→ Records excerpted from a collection
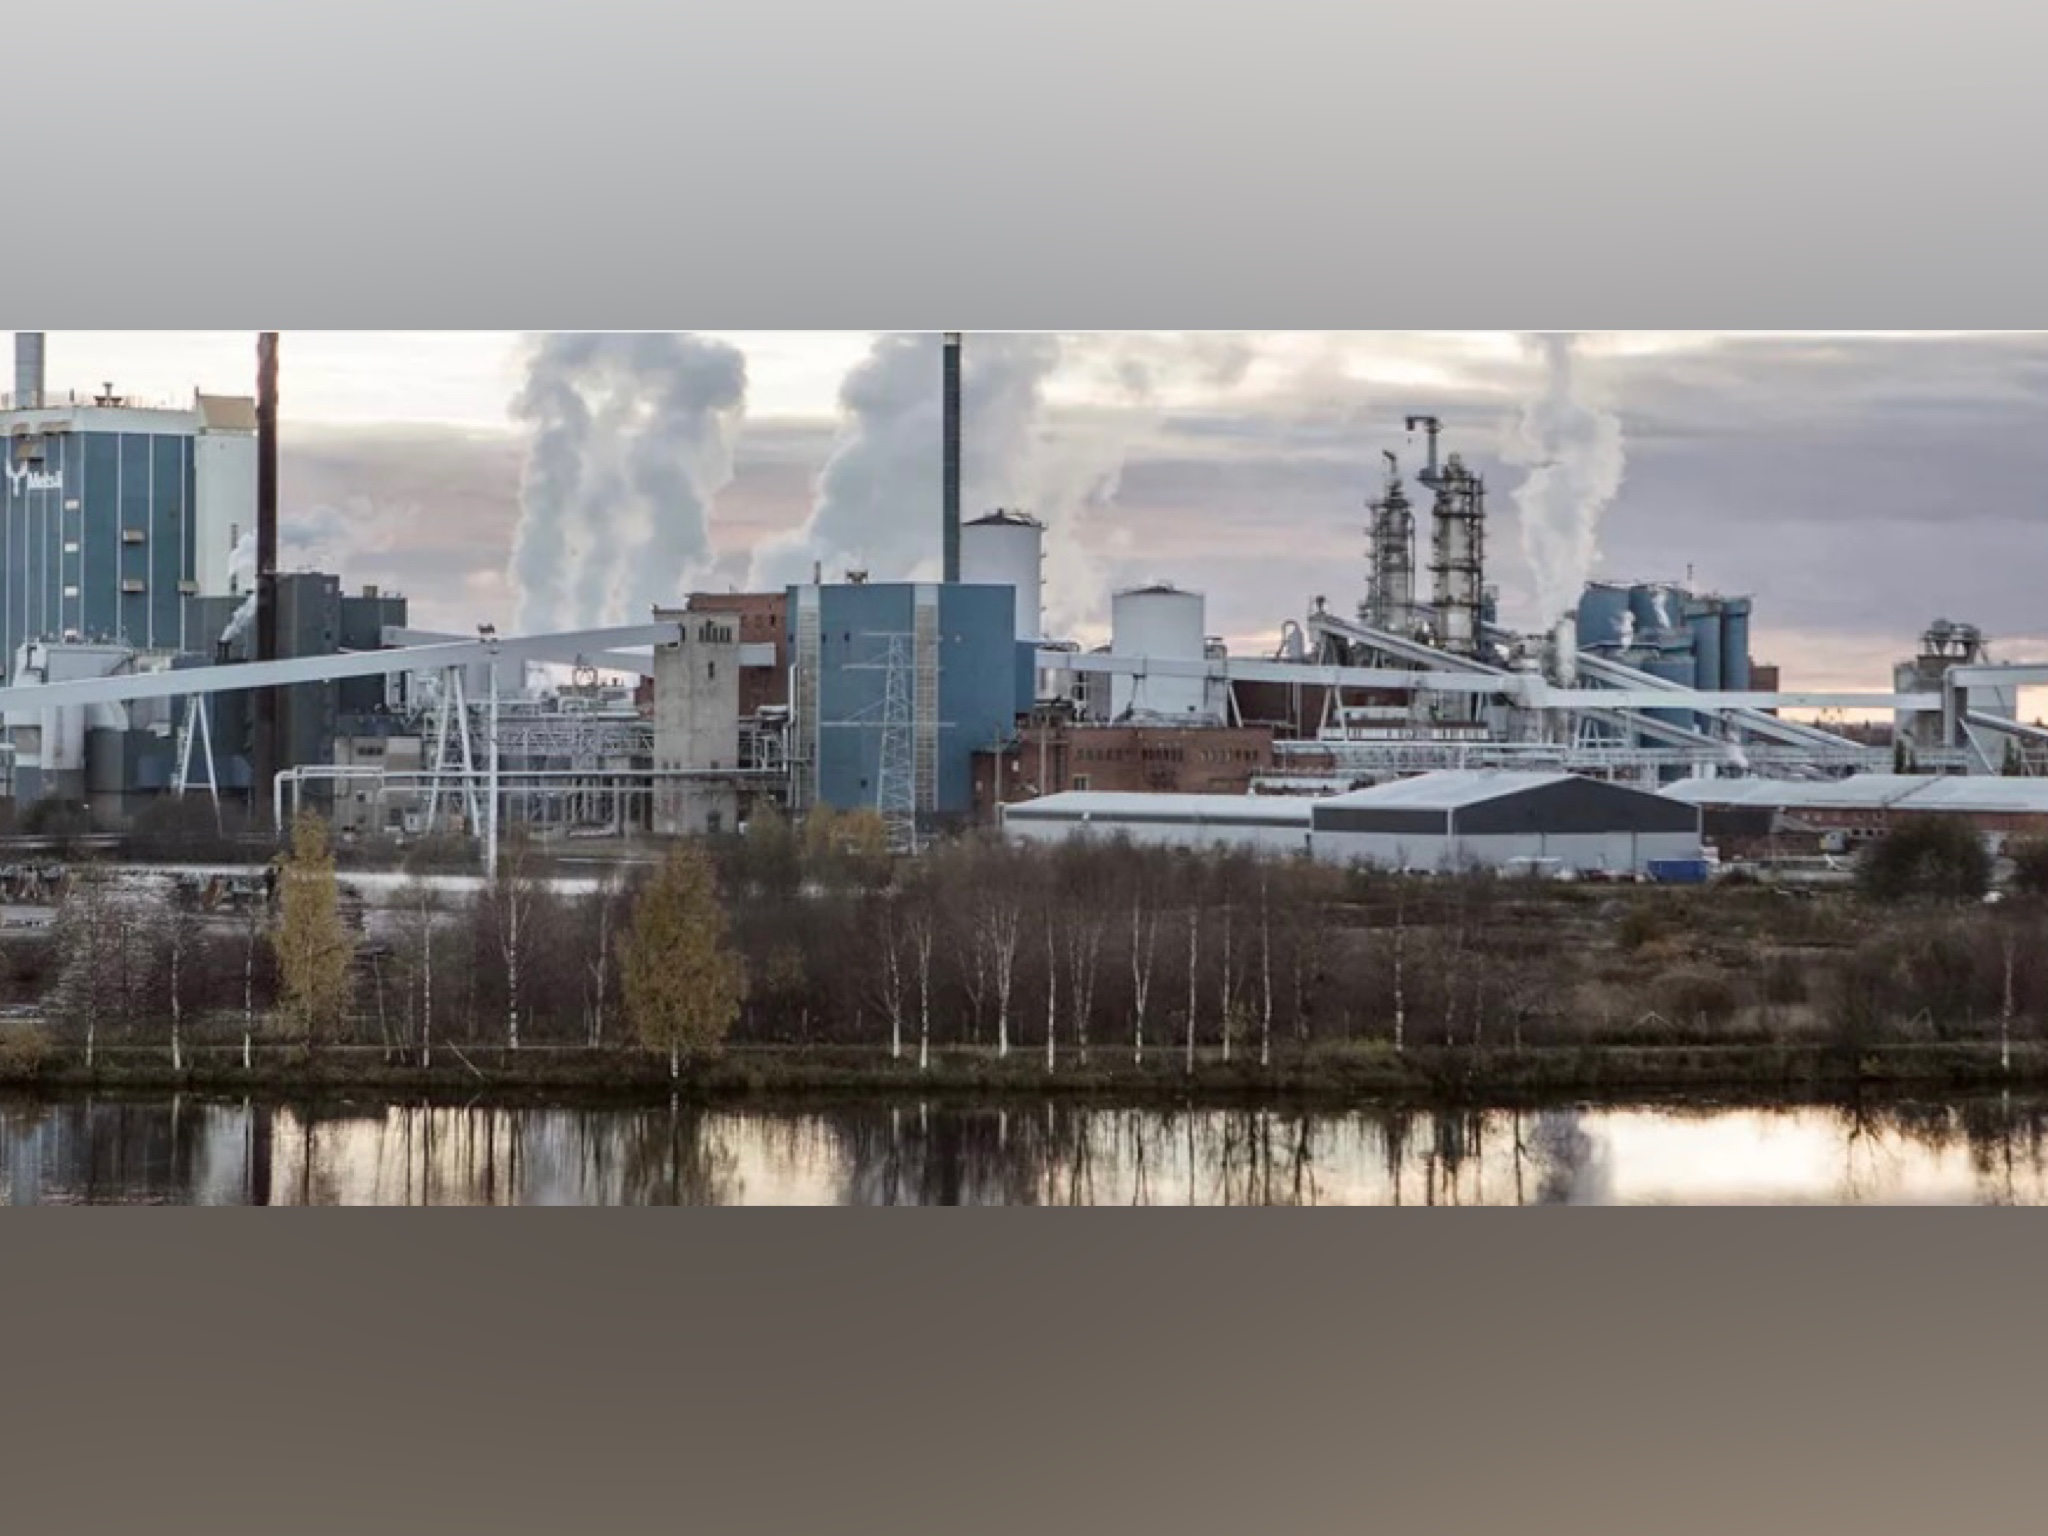 Metsa Board подписала соглашение о перевозке продукции картоноделательного завода в финском Кеми в порт Айос
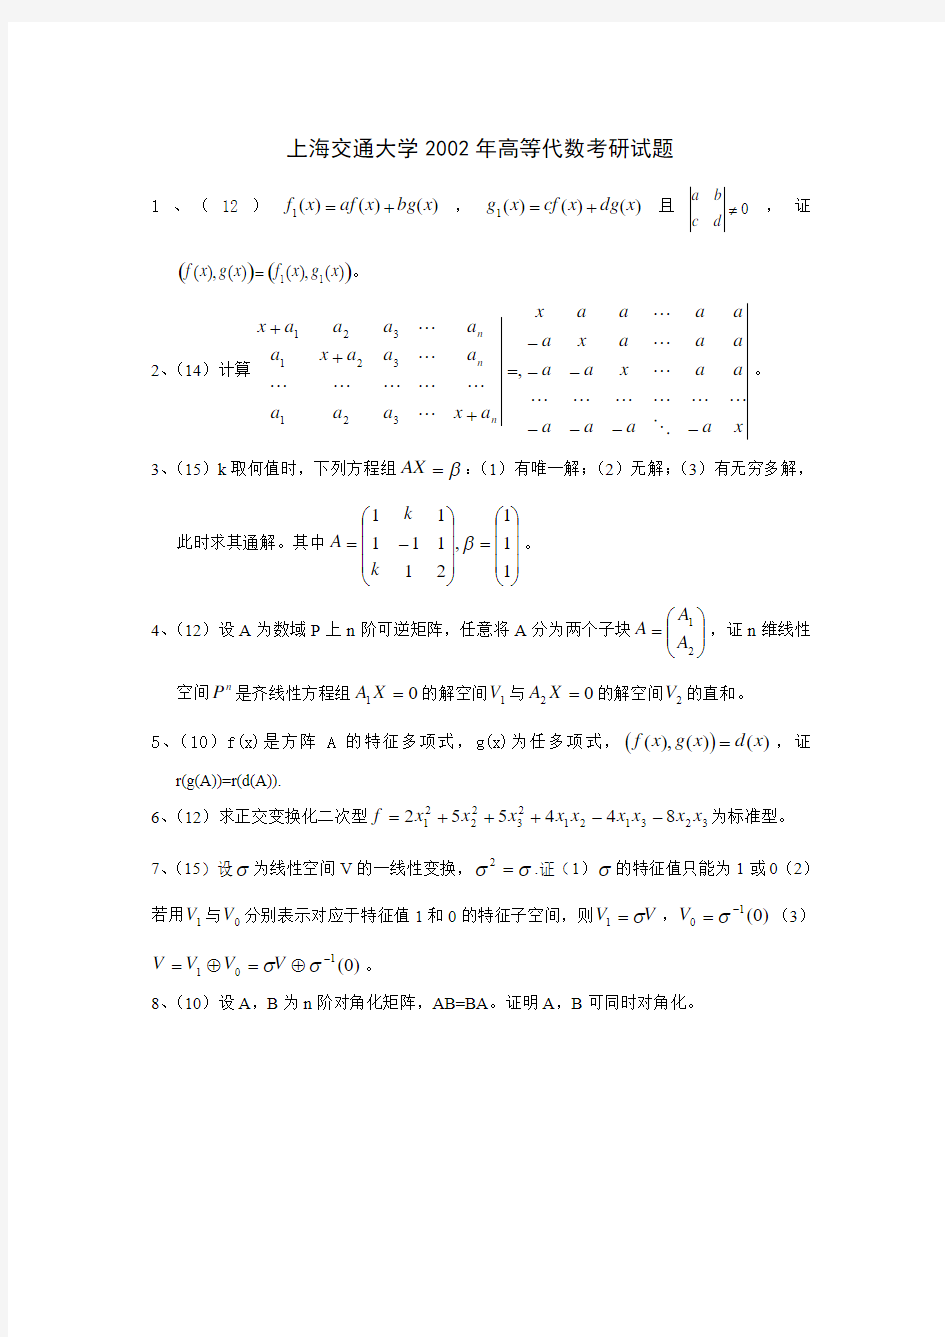 上海交通大学2002年高等代数考研试题
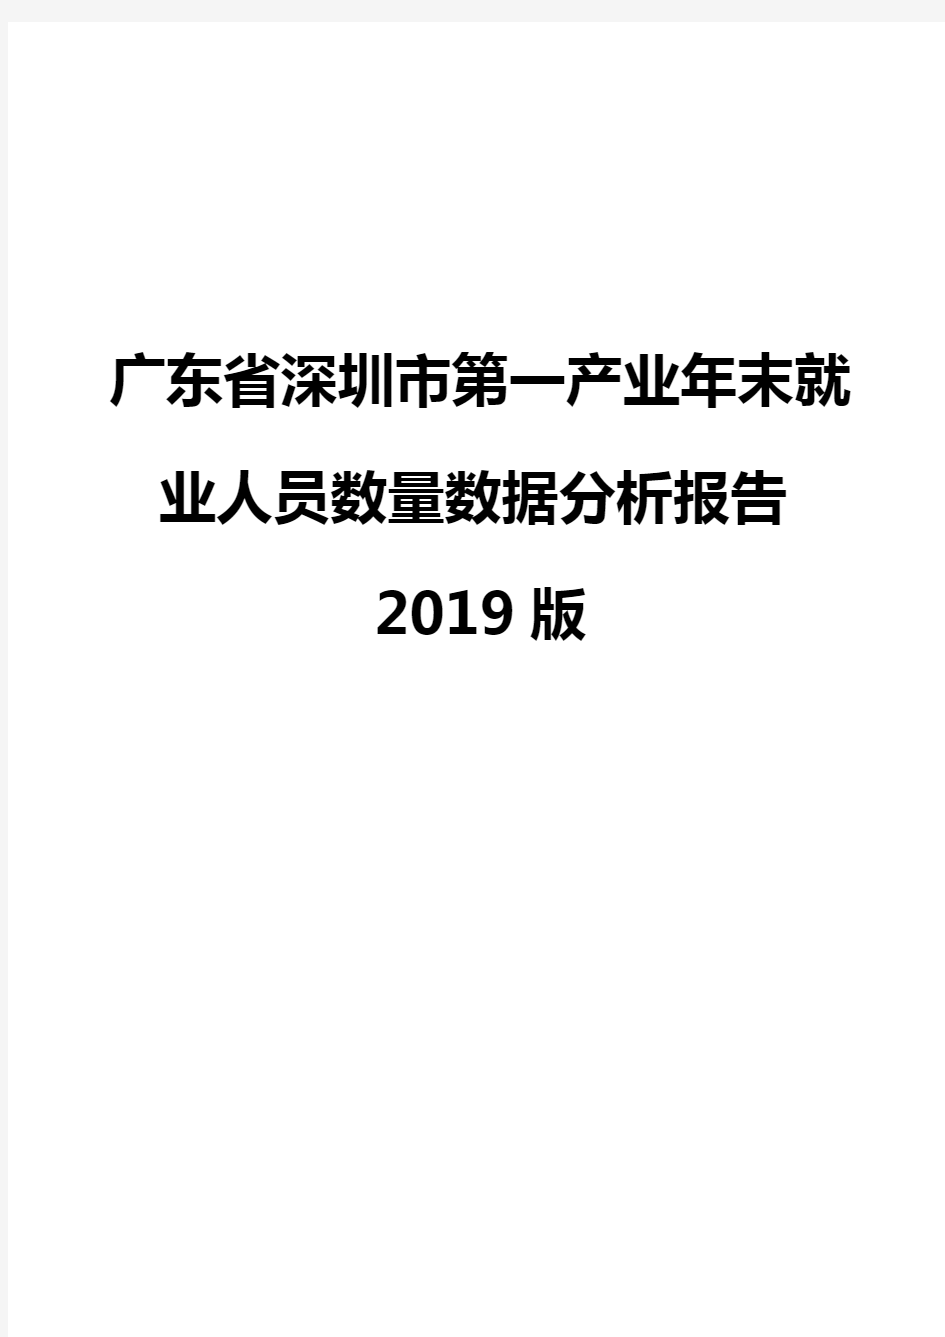 广东省深圳市第一产业年末就业人员数量数据分析报告2019版
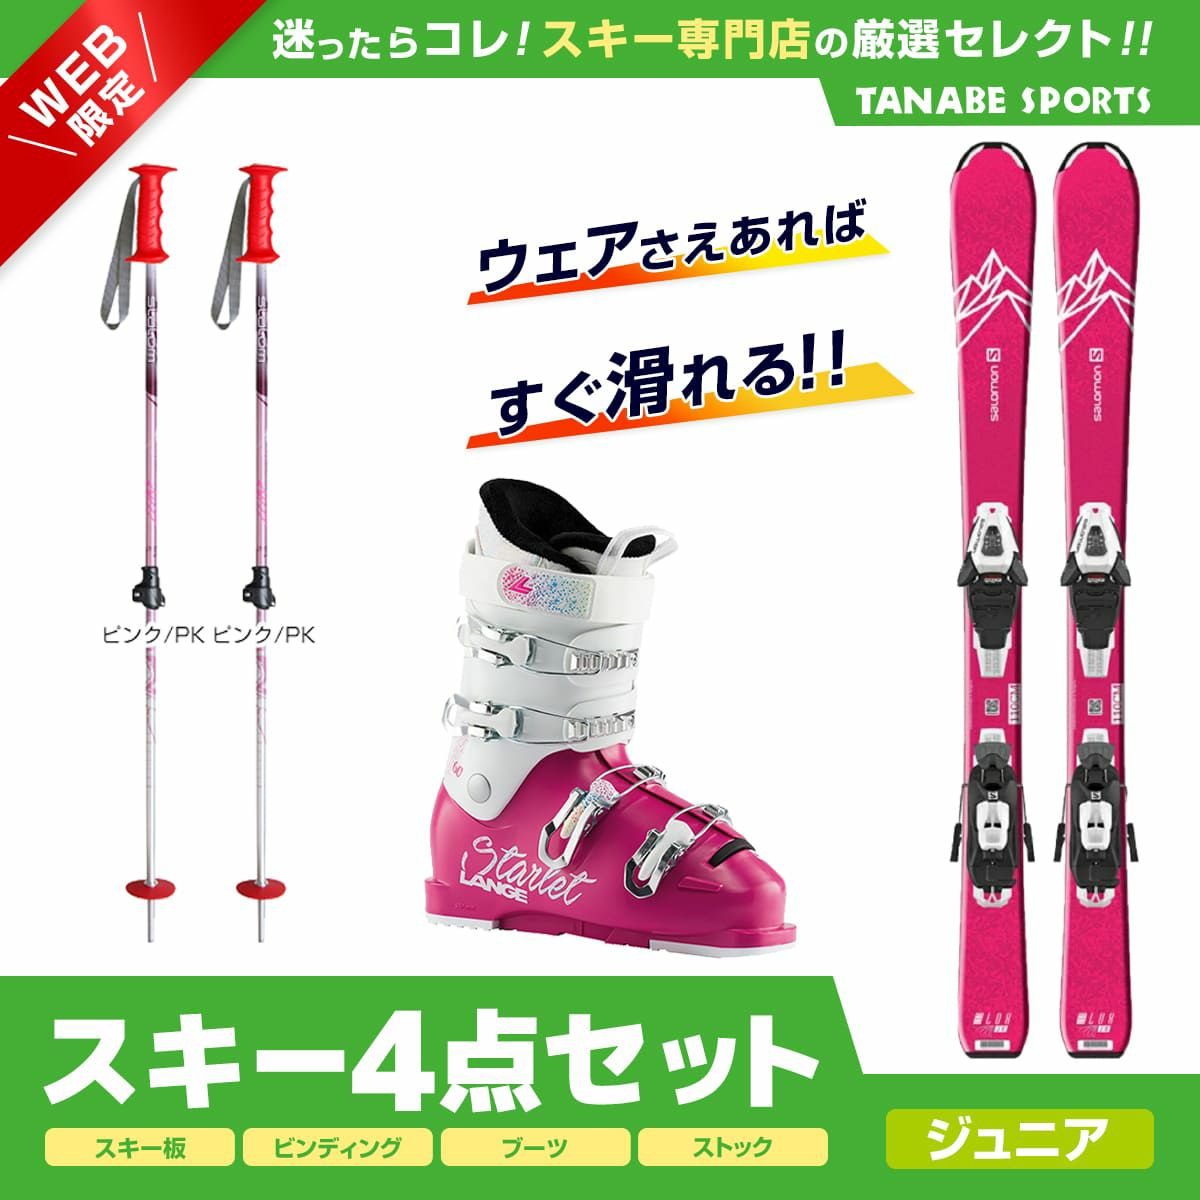 スキーセット 子供用 板 ストックkazama ブーツ nordica-
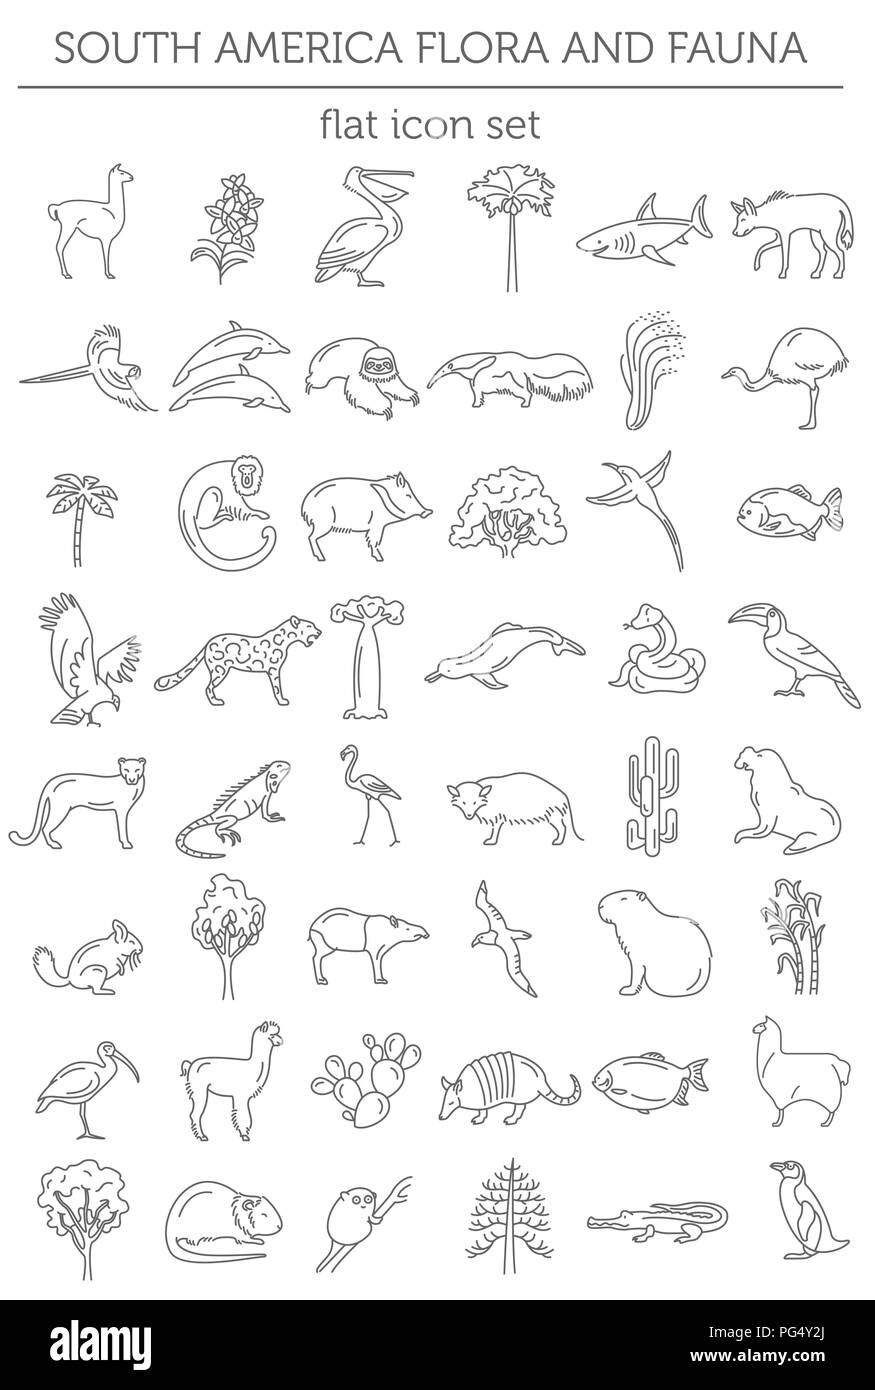 Sudamérica plana elementos de flora y fauna. Animales, aves y vida marina línea simple conjunto de iconos. Ilustración vectorial Ilustración del Vector

→ Assignment
Restate the entries word for word, though any image they contain should not appear.

→ Your response
 Metsa Board подписала соглашение о перевозке продукции картоноделательного завода в финском Кеми в порт Айос
 上海交通大学2002年高等代数考研试题
 广东省深圳市第一产业年末就业人员数量数据分析报告2019版
 スキーセット 子供用 板 ストックkazama ブーツ nordica-
 Sudamérica plana elementos de flora y fauna. Animales, aves y vida marina línea simple conjunto de iconos. Ilustración vectorial Ilustración del Vector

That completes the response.